Adventures in Powerlifting: Weeks 1-4

More than six weeks ago—pretty much the second I was finished with Ragnar and returned from Chicago—I started training for the Twin Cities Open powerlifitng meet. My coach Shawn broke up training into three main cycles: 4 weeks of strength building, 4 weeks peak, and 2 weeks taper. This first mini-cycle was relatively easy, and comprised of four three-day weeks. Each day focused primarily on one of the lifts: squat, deadlift, and bench press, plus accessories. Each day also included a variation on the lift from the previous day. My typical training week looked something like this:

Day 1: Back squat, deadlift variation (Dimmel or Romanian deadlifts), accessories (barbell row, core)
Day 2: Squat variation (front squat), bench press, accessories (tricep extensions, hammer curls, incline dumbell press)
Day 3: Bench variation (close grip), deadlift, accessories (tricep pushdown, dumbell curls, shrugs)

The weeks started off with higher reps/lower weights and progressed to lower reps with higher weights. And, on the final day of week #4, we tested my 1 rep max (1RM). Testing did not follow the format I suggested before because Shawn doesn’t like failed reps. Instead, testing was done meet-style (3 trys at each lift), and I’m super proud to report that I hit PRs in every lift!

Lift 1: Squat

I started off at 225 lbs., which was my previous 1RM. Success! I shouldn’t use an exclamation point there; of course it was successful. For my 2nd attempt I went with 235 lbs. and made it easily (that’s PR #1). Attempt #3 was 255 lbs. Now, you may remember how I said I was shooting for a 250 lb. squat by the end of the summer. well, I need a new goal, because my current back squat PR is 255. Want proof? Here it is:

Lift 2: Bench

Benching is decidedly my weakest lift. Upper body strength is not my strong suit (pun intended), and I have difficulty accessing the power to press heavy. Work in progress. Anyway, I started off at 130 lbs., and made it no problem. Set number 2 was 140 lbs., which I made, but barely. Shawn said it would have been a white-light lift.* He called it at this point, having judged (probably correctly) that I wasn’t going to make anything higher than 140. Still a PR, so I’m not complaining. Much. I really want to improve this, and am going to be working bench hard over the coming weeks.

Lift 3: Deadlift

My first attempt was at 265 lbs., which I made easily. My 2nd attempt was a PR at 275 lbs. And, my 3rd, 285 lb.-attempt was an unmitigated disaster. Typically I find deadlifting easy from a form perspective. As Shawn says, it’s a really natural movement for me. Sadly, at my 285 lb. attempt, I had a stupid form break-down (as it happens the same one that caused me to fail my third attempt in my last meet), which blew the lift. I also slightly strained my lower back—don’t worry, it was nothing major; after a couple rest days, which I needed anyway, I was in good shape.

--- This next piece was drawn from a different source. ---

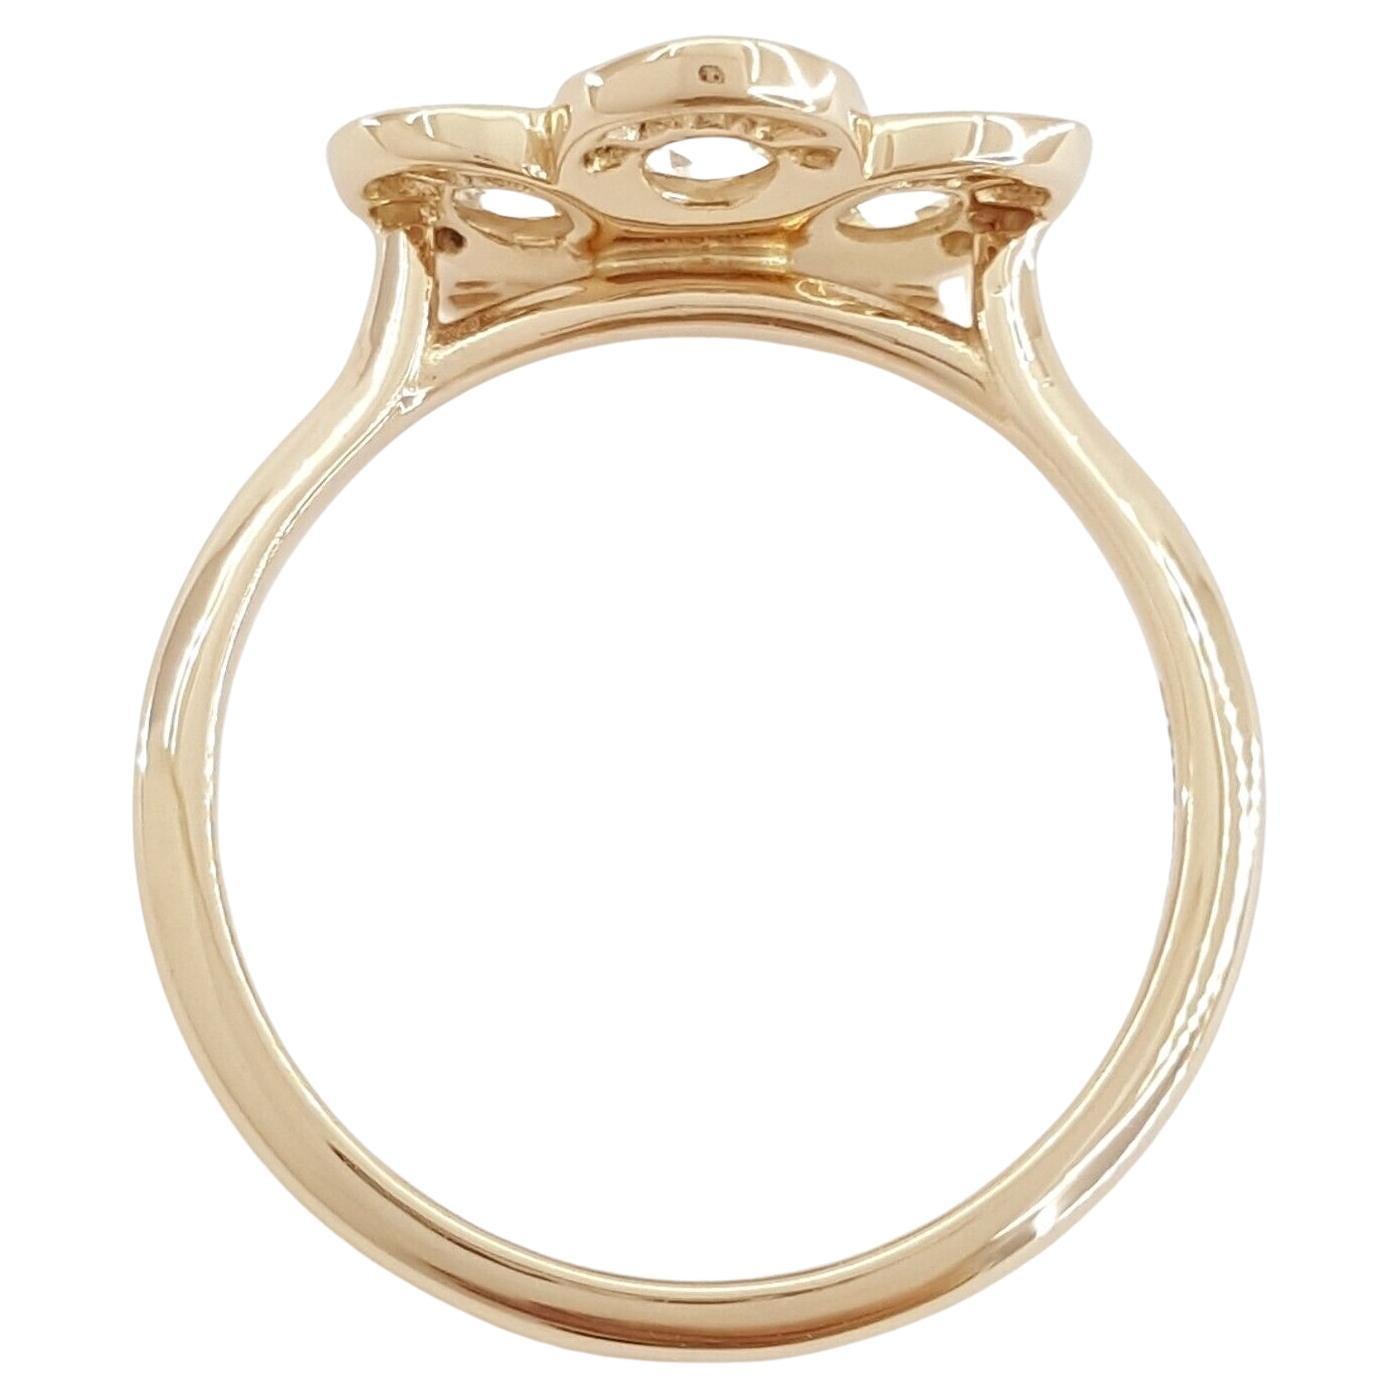 Aus 18 Karat Roségold ist diese Tiffany & Co. Der Enchanted Garden Flower Ring hat ein Gesamtgewicht von 0,35 ct und besticht durch eine Kombination aus Rosenschliff und runden Diamanten.

Mit einem Gewicht von 2,9 g und einer Größe von 5 ist der

You can see in the video how my hips came up too soon, leaving me with a poor angle for bringing the bar up. This was likely due to not holding my core/trunk tight enough. The thing that was so terribly annoying is that I know I could have made that lift. Well, that just means my next PR will be that much larger.

Next cycle is my peak and taper, in which I work like a crazy person then ease off to give my muscles a good amount of recovery before the meet. And, don’t worry, I’ll tell you all about it. And, sooner this time.


*In powerlifting competitions, there are three judges; at the completion of a lift all three make a determination whether the lift was good—i.e., it complied with the rules. A good lift gets a white light, and a non-compliant lift gets a red light.